▶ **TASK INSTRUCTIONS**: Lines before the one containing "Please review photos for more details." are to be left out; that line and every line after it, through the last line below, are to be reproduced exactly.

Data excerpts:
== == ==
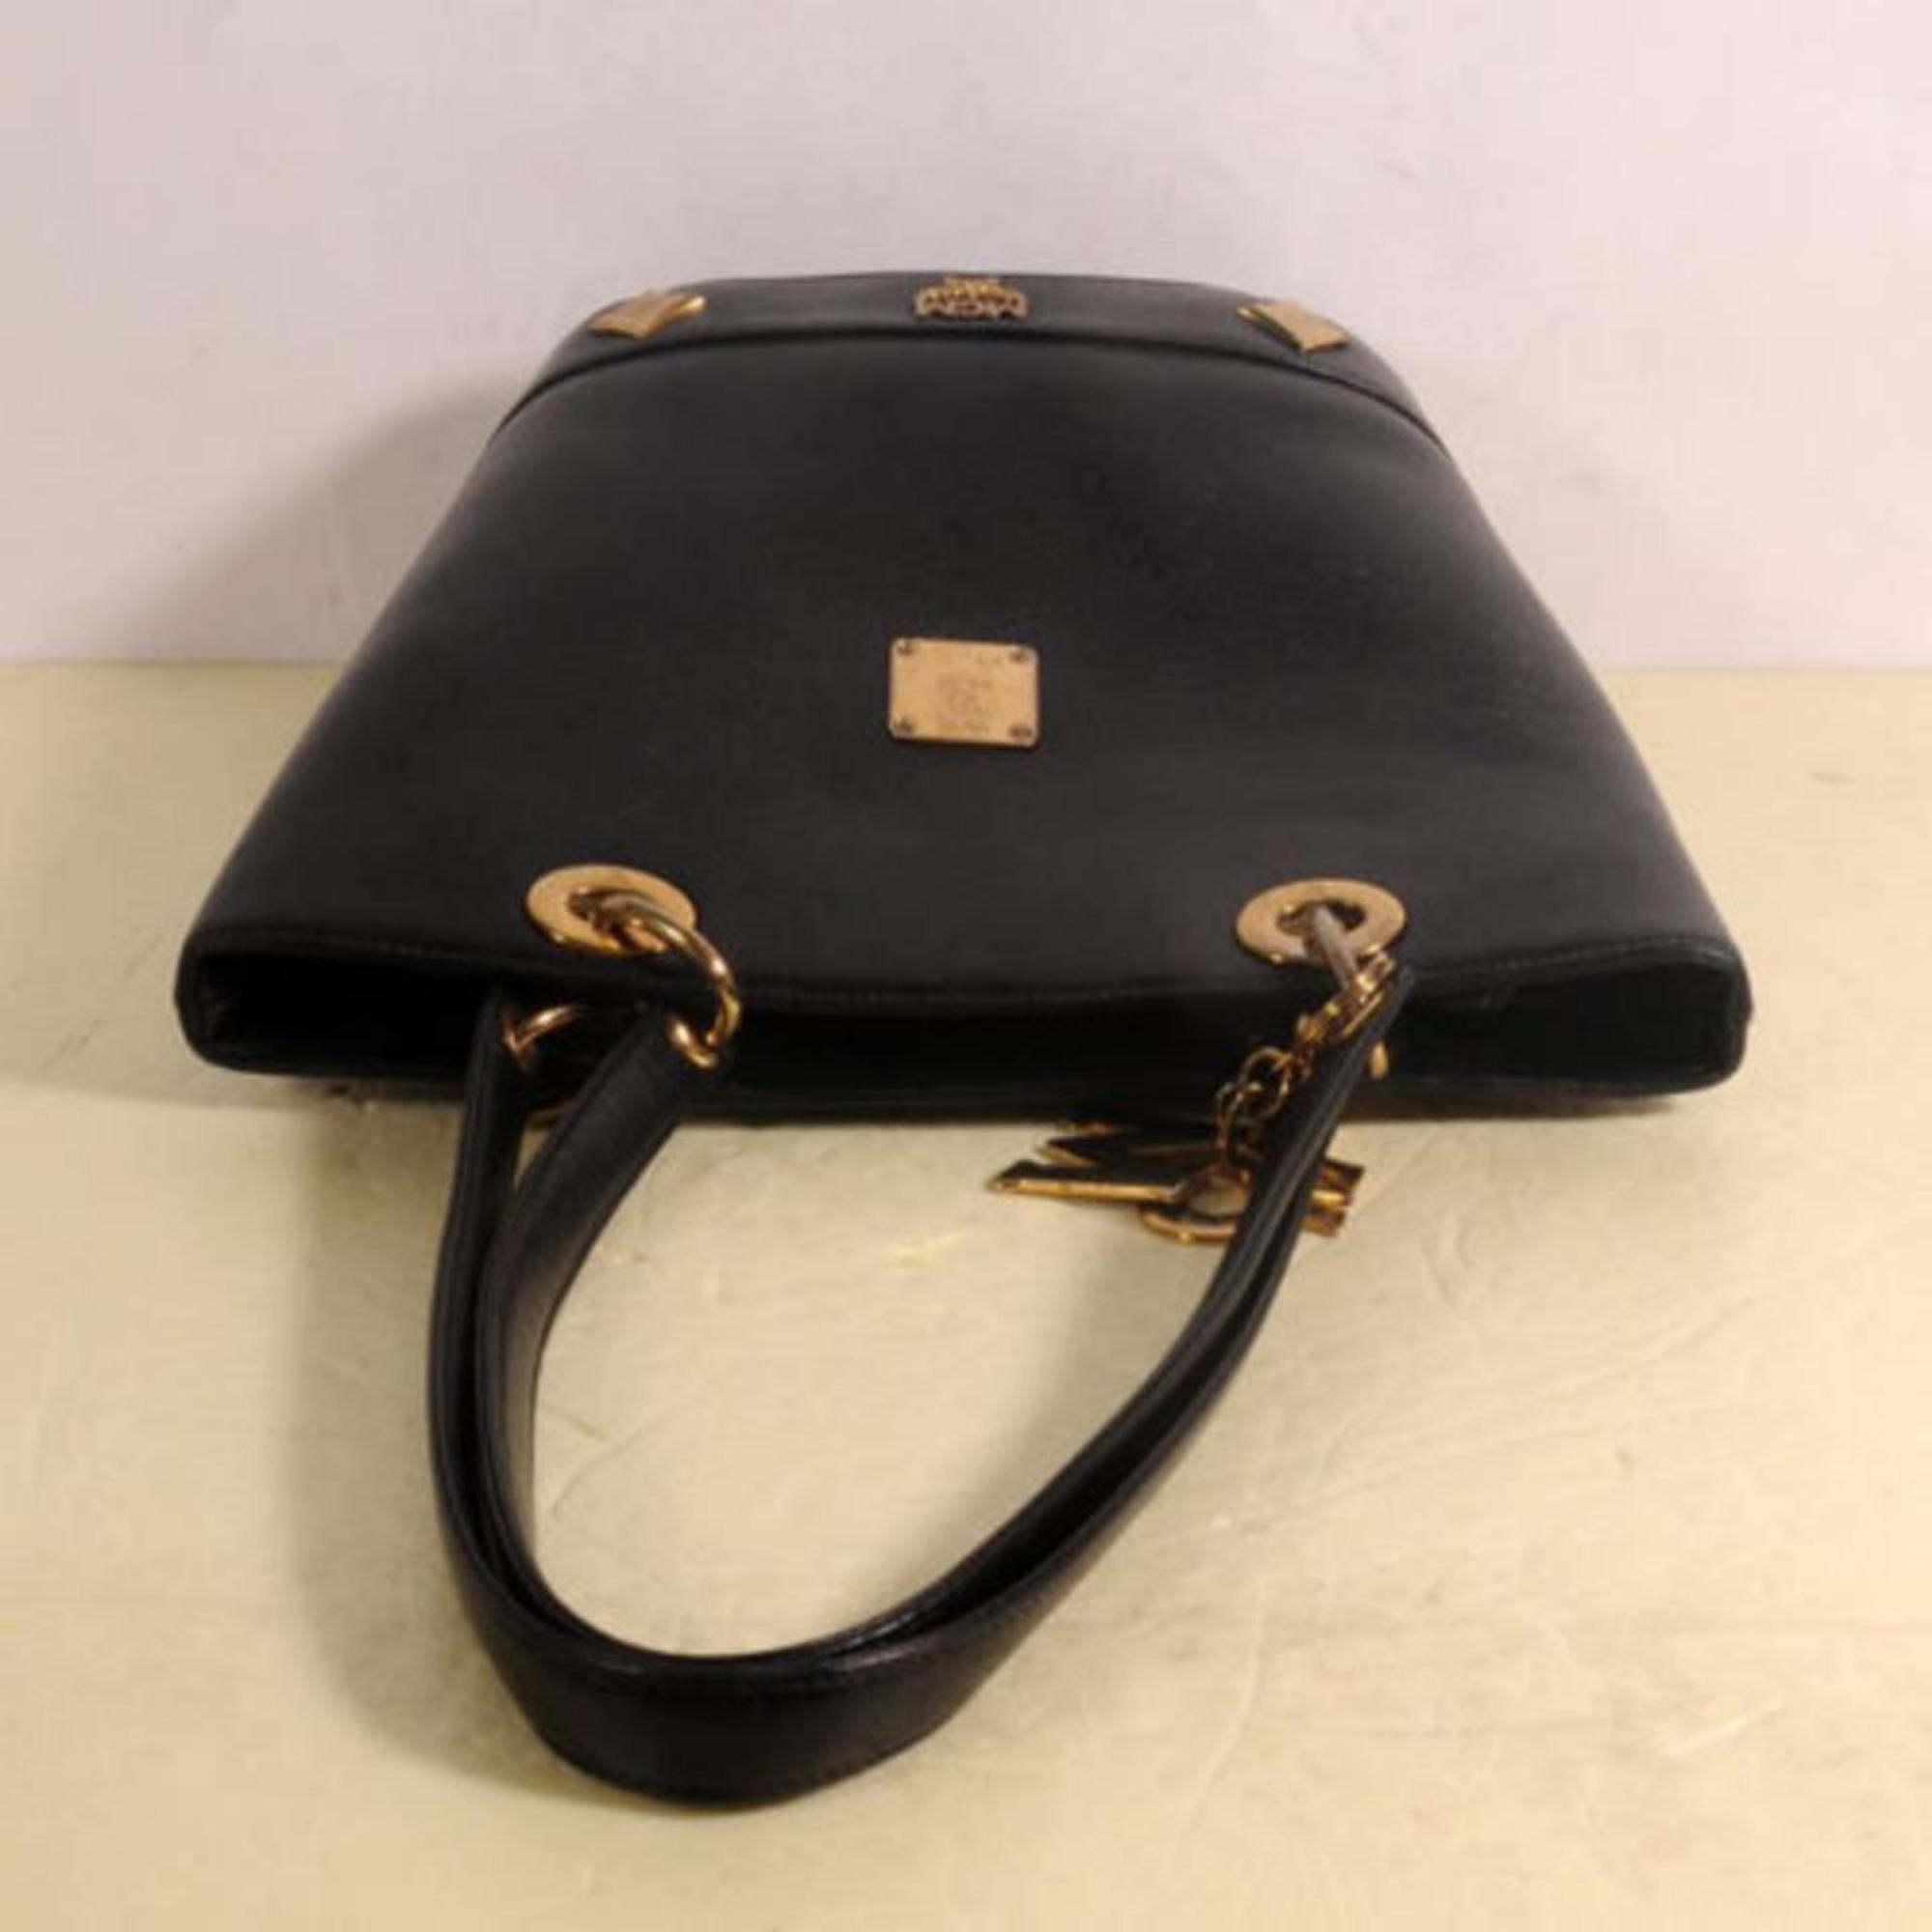 VERY GOOD VINTAGE CONDITION
(7.5/10 or B+)
Includes Dust Bag and Bag Charm
This item does not come with any extra accessories.
Please review photos for more details.
Color appearance may vary depending on your monitor settings.
sku : 869443
== == ==
▶ **OUTPUT BELOW**:
Please review photos for more details.
Color appearance may vary depending on your monitor settings.
sku : 869443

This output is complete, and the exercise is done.